### PROVIDED MATERIAL
- - - - - - -
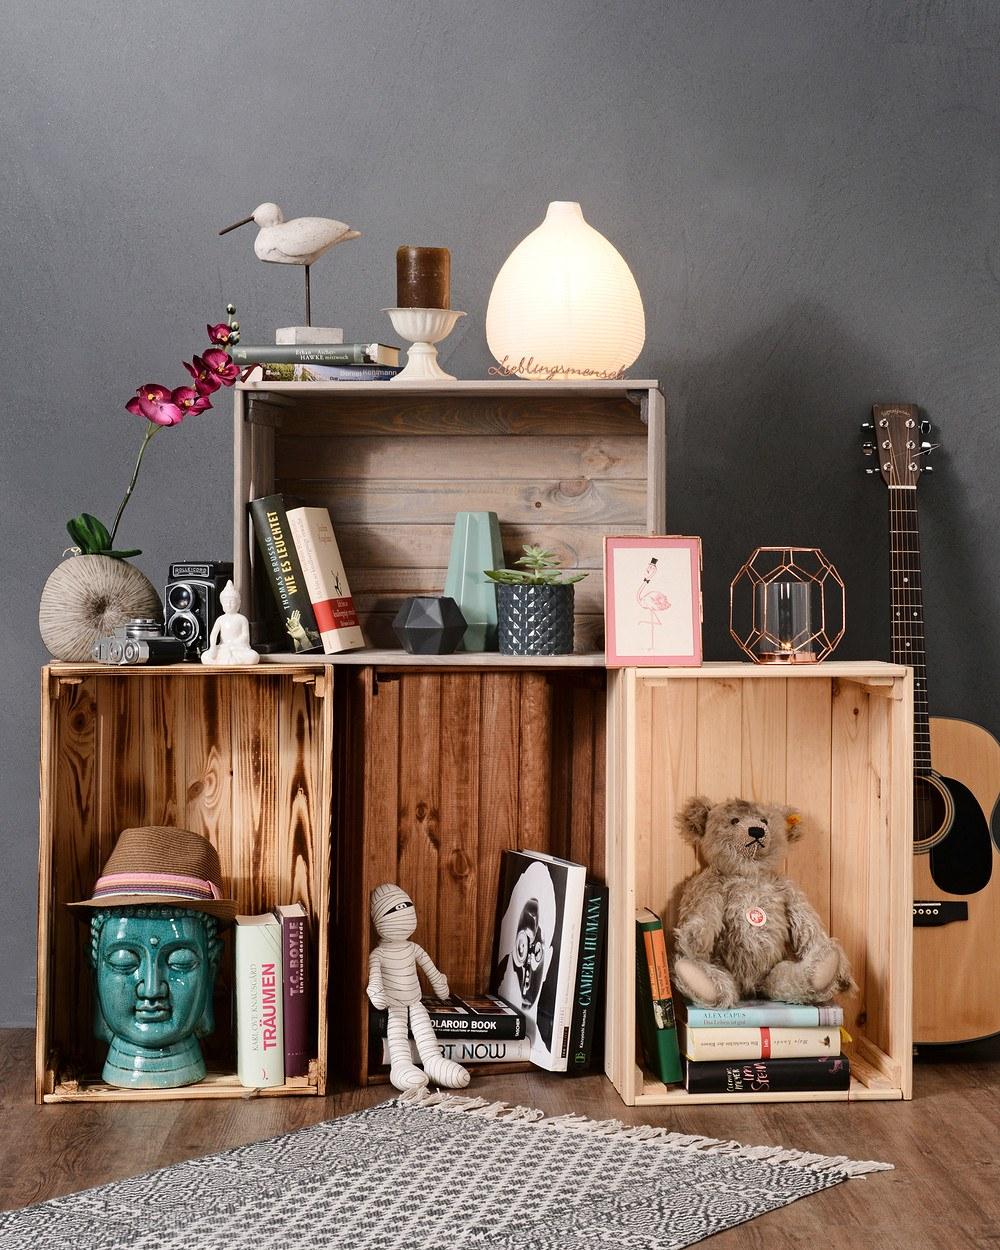 myhomery deko kiste massiv g nstig online kaufen mein sch ner garten shop. Black Bedroom Furniture Sets. Home Design Ideas
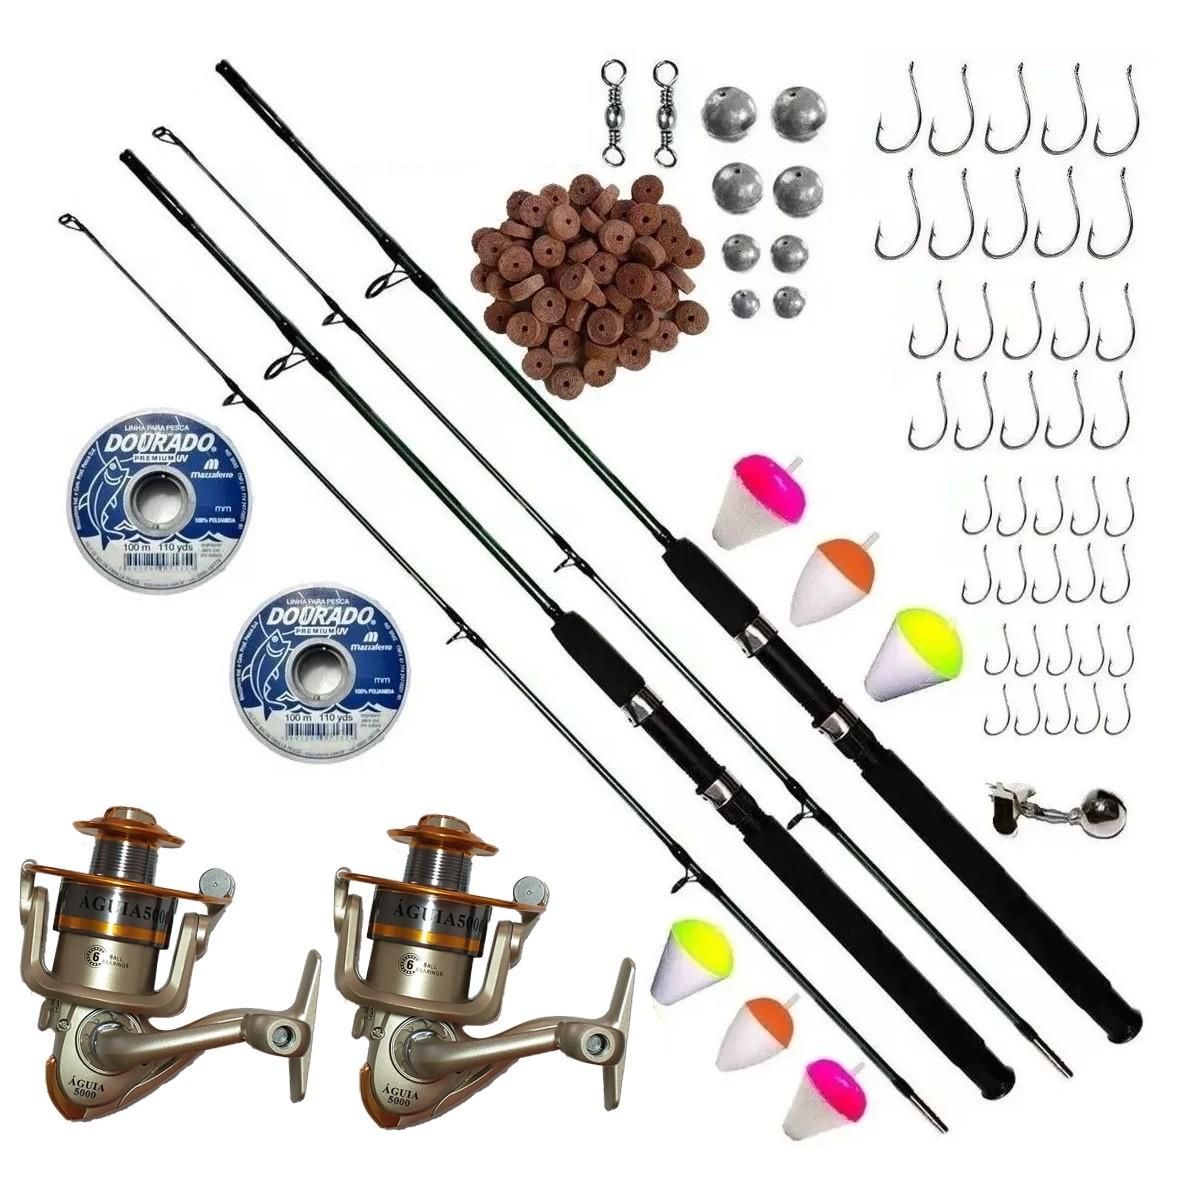 Kit De Pesca Completo 2 Vara 1,70 25-50lb 2 Molinetes 4000 Itens
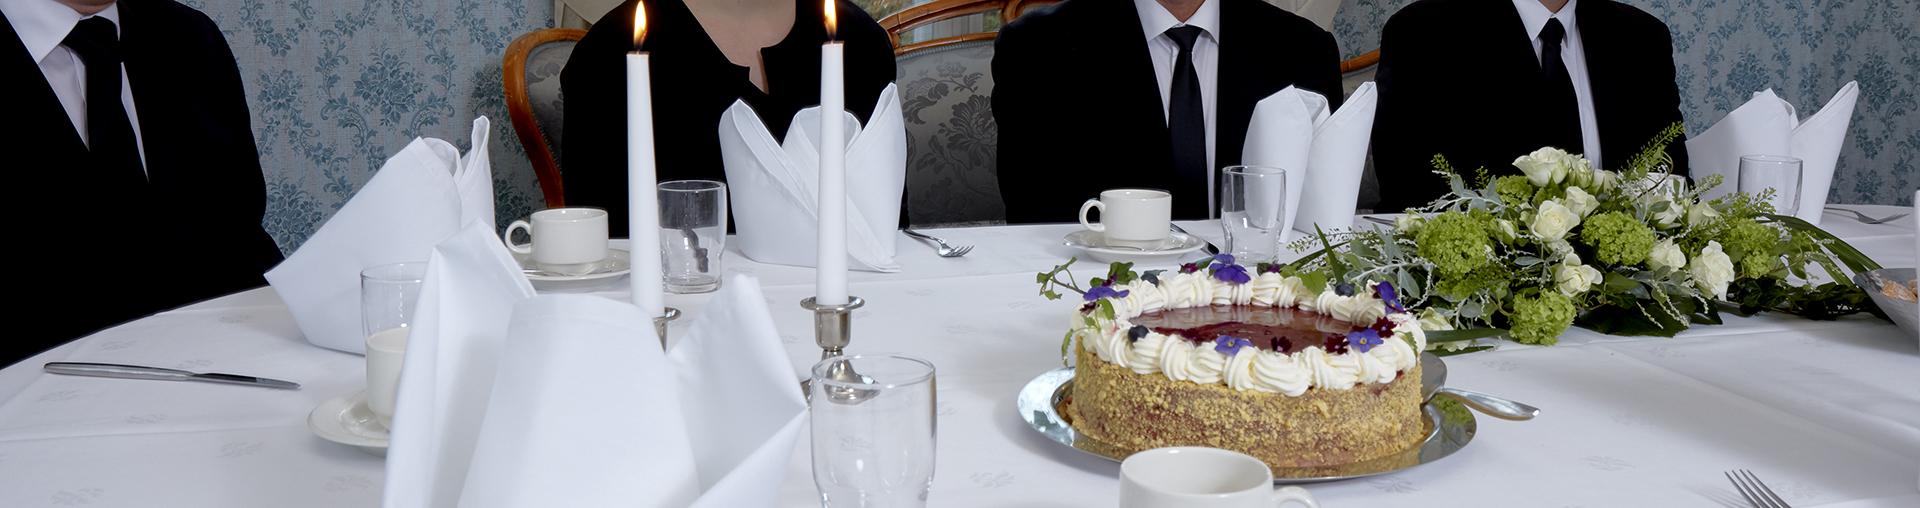 Juhlapöytä hautajaisissa.
- - - - - - -
### PROBLEM DETAILS
Nothing but the lines from the one that holds "Kit De Pesca" through the end of the data should appear, written out exactly, without pictures.

### RESPONSE FOR THIS EXERCISE
 Kit De Pesca Completo 2 Vara 1,70 25-50lb 2 Molinetes 4000 Itens
 Juhlapöytä hautajaisissa.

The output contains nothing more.